Agora pagando devidamente a estadia na pensão e juntando dinheiro que sobrava todo mês, Antônia conseguia focar melhor em seu estudo. Fez amizade com os hóspedes da casa e tinha dona Nanda, proprietária da pensão, senhorinha da pele enrugada e dos cabelos louros lisos, como uma amiga. A época do vestibular passou, assim como Antônia. A garota, agora mais para mulher, conseguiu vaga na Universidade Federal do Rio de Janeiro para cursar história, sua matéria preferida na escola, para se tornar aquilo que ela admirou tanto quando criança: professora. Todos na pensão da dona Nanda ficaram felizes pela vitória de Antônia, que era muito querida. Houve um bolo para a comemoração.

— Isso é muito importante pra mim. — a garota sorria olhando os rostos de todos naquela sala. — Dona Nanda, a senhora fez muito por mim, me dando oportunidade e confiança. Muito obrigada!

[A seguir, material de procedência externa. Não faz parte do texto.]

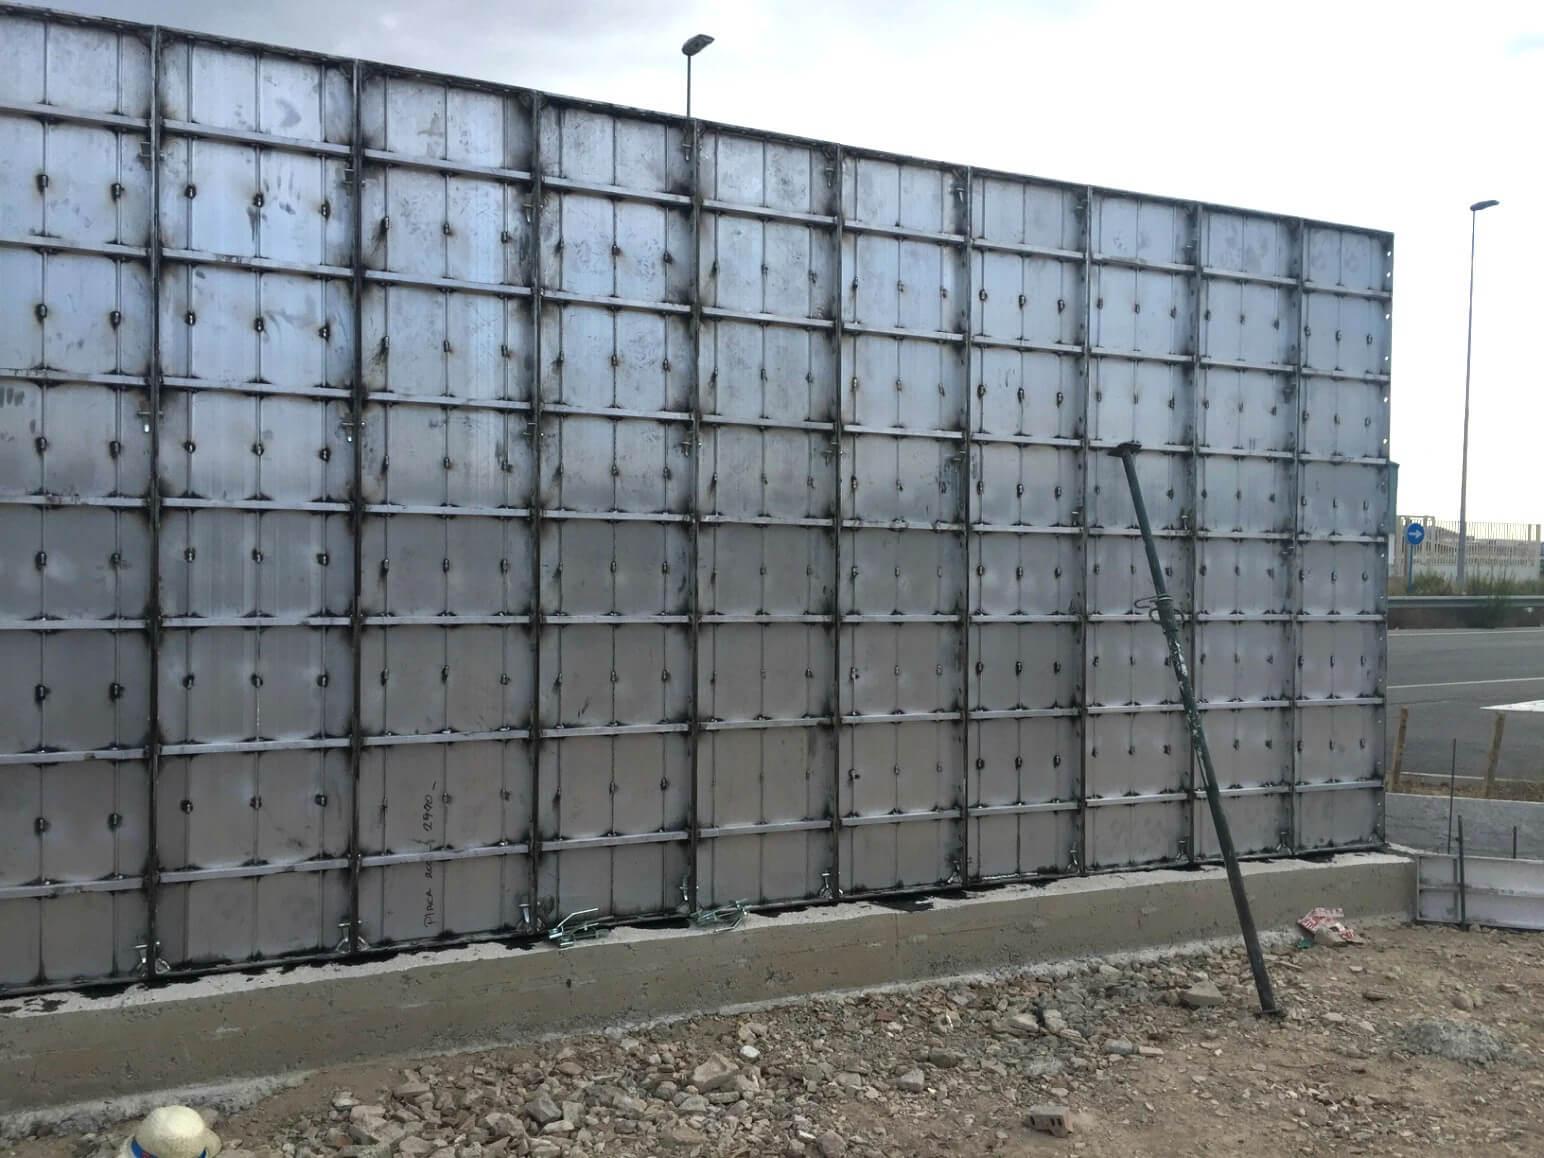 proyecto muro perimetral encofrados de aluminio construccion strong forms alicante 6
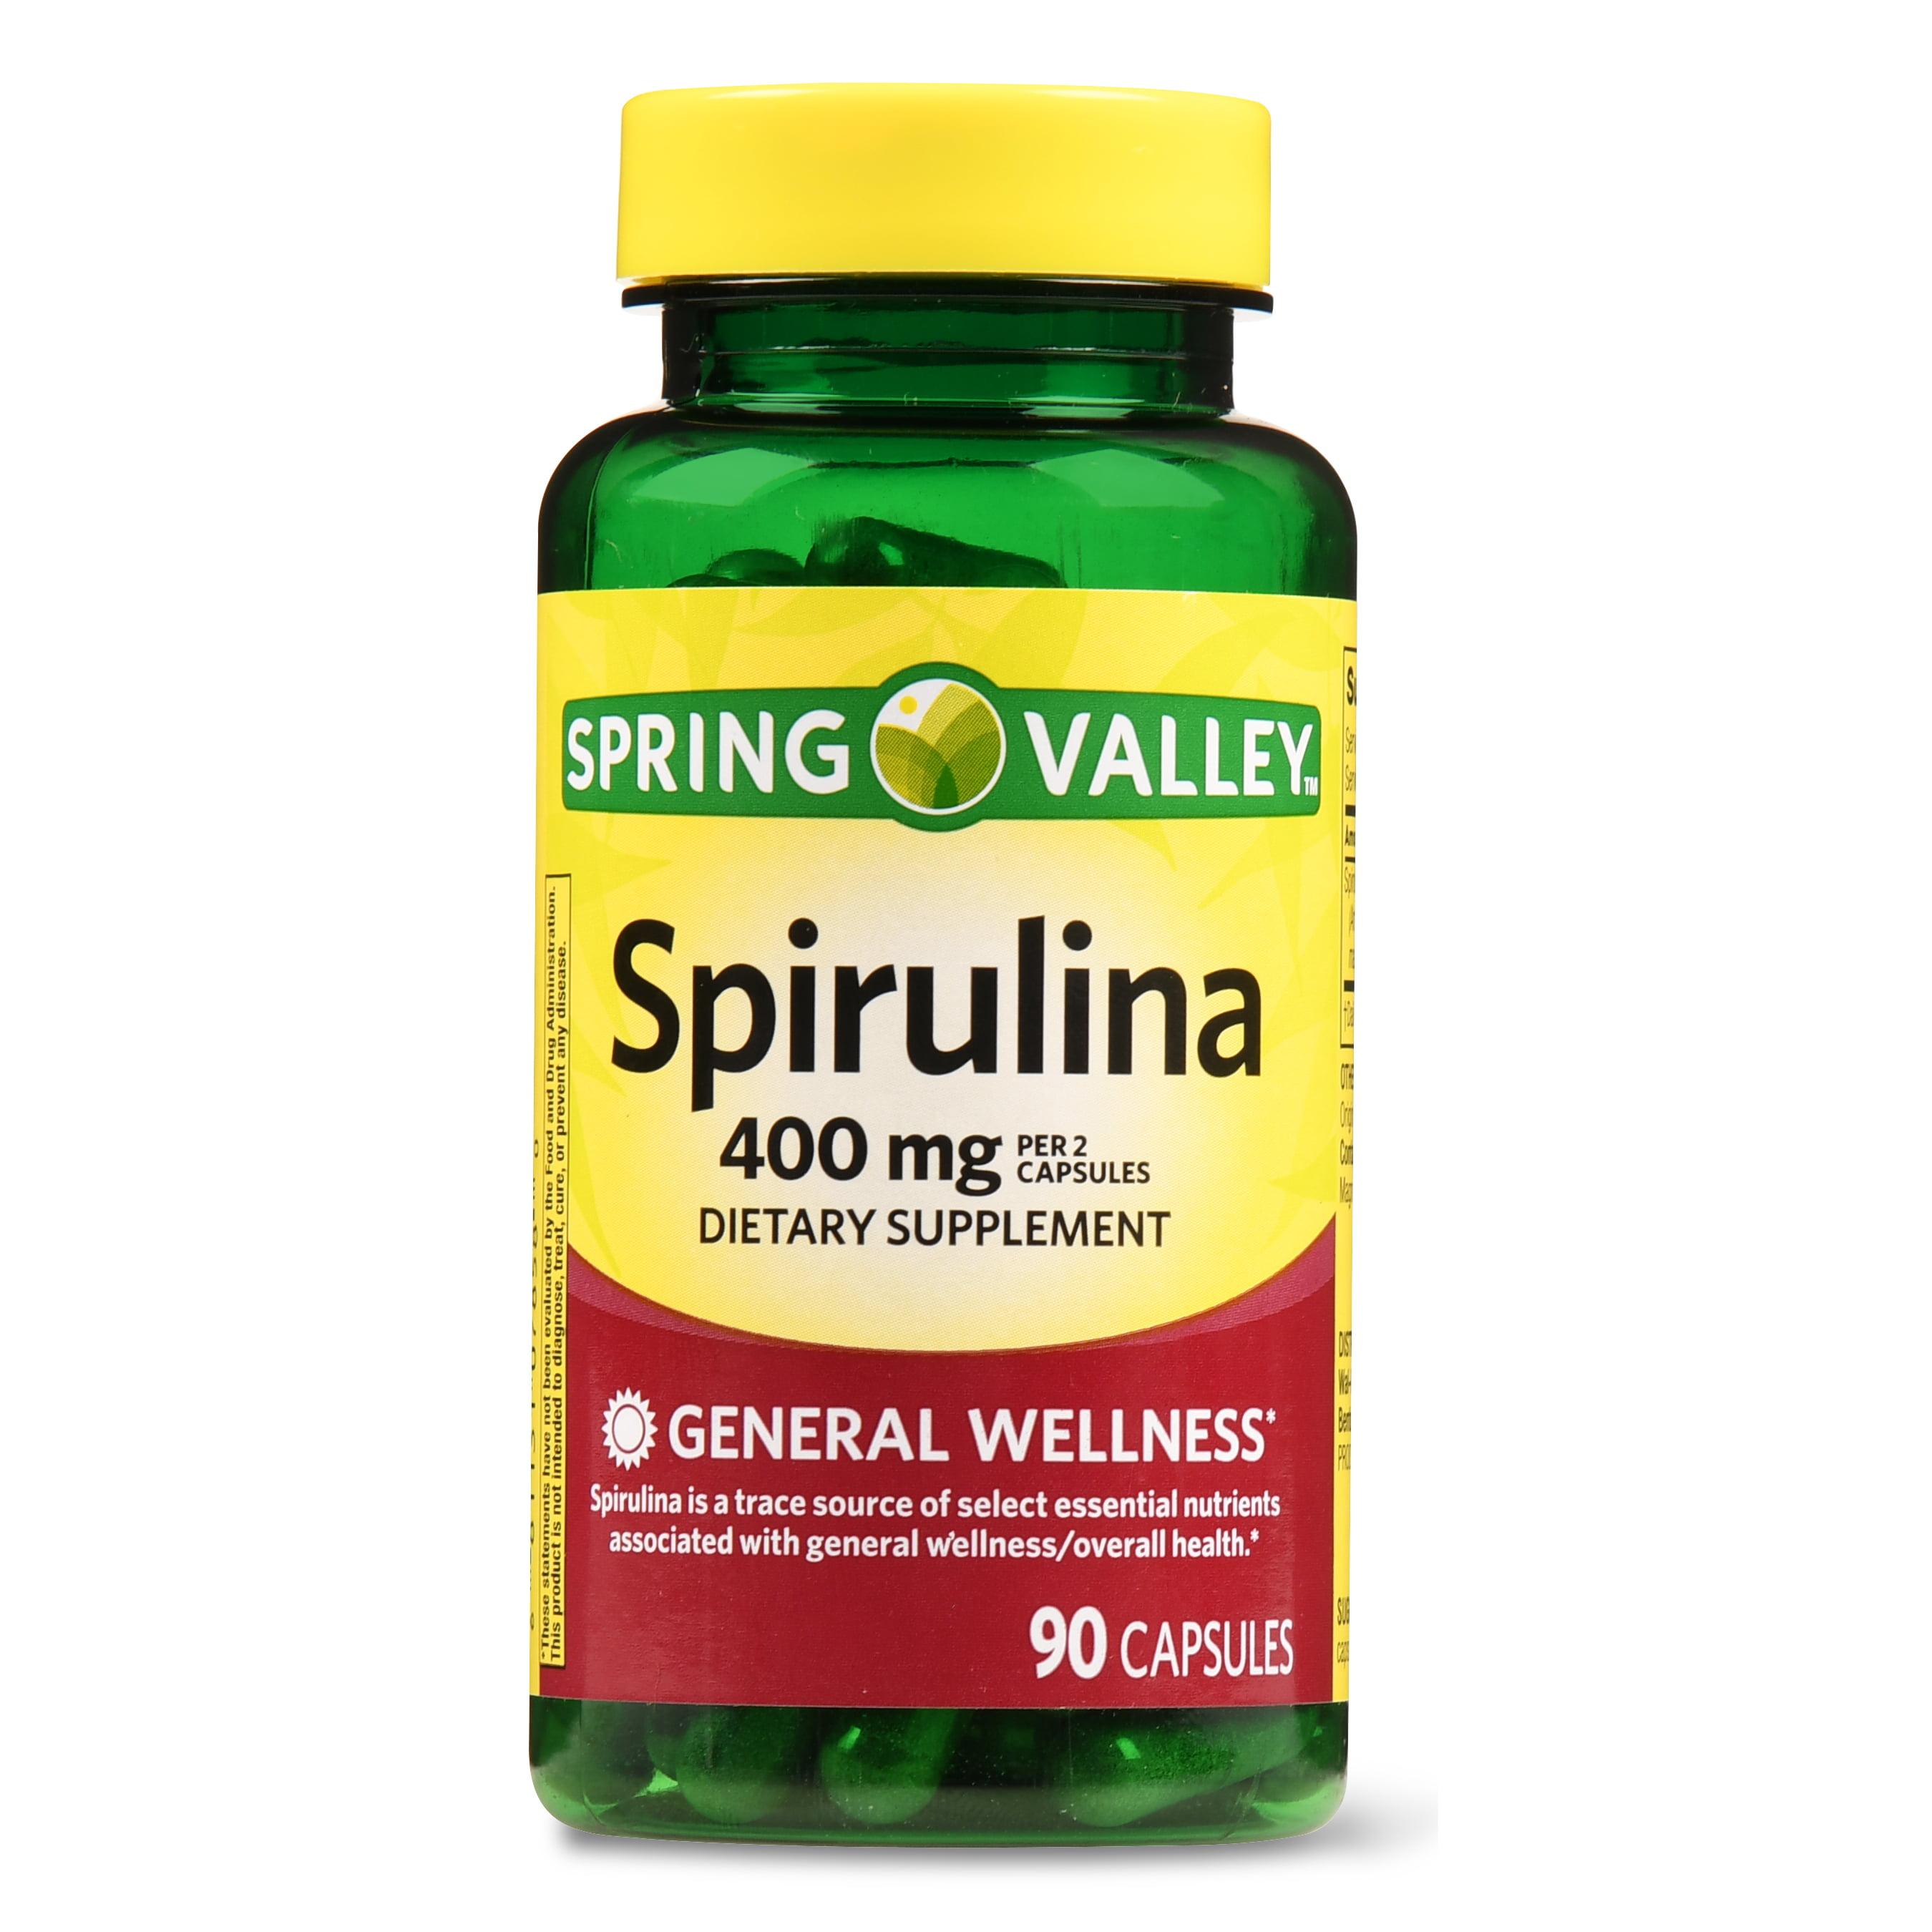 Spring Valley Spirulina Capsules, 400 mg, 90 Ct

Antônia beijou o rosto da dona da pensão e partiu o bolo. Aquela noite foi incrível e inesquecível. O ano seguinte teve início e agora totalmente uma mulher da cidade grande, Antônia trabalhava como vendedora de dia e estudava a noite. Quando chegava exausta à pensão, dona Nanda sempre a esperava com uma limonada gelada e frango à passarinho frito na hora. Ao chegar ao terceiro período da faculdade, Antônia conseguiu um estágio remunerado e largou o emprego de vendedora, muito grata como sempre, e começou a estagiar como monitora numa escola particular na Freguesia. Em alguns domingos, junto à Nanda, Antônia visitava um centro espírita no bairro de Jacarepaguá, e embora sua mãe fosse católica e esta fosse a única religião que conheceu a vida inteira, o espiritismo lhe fazia bem.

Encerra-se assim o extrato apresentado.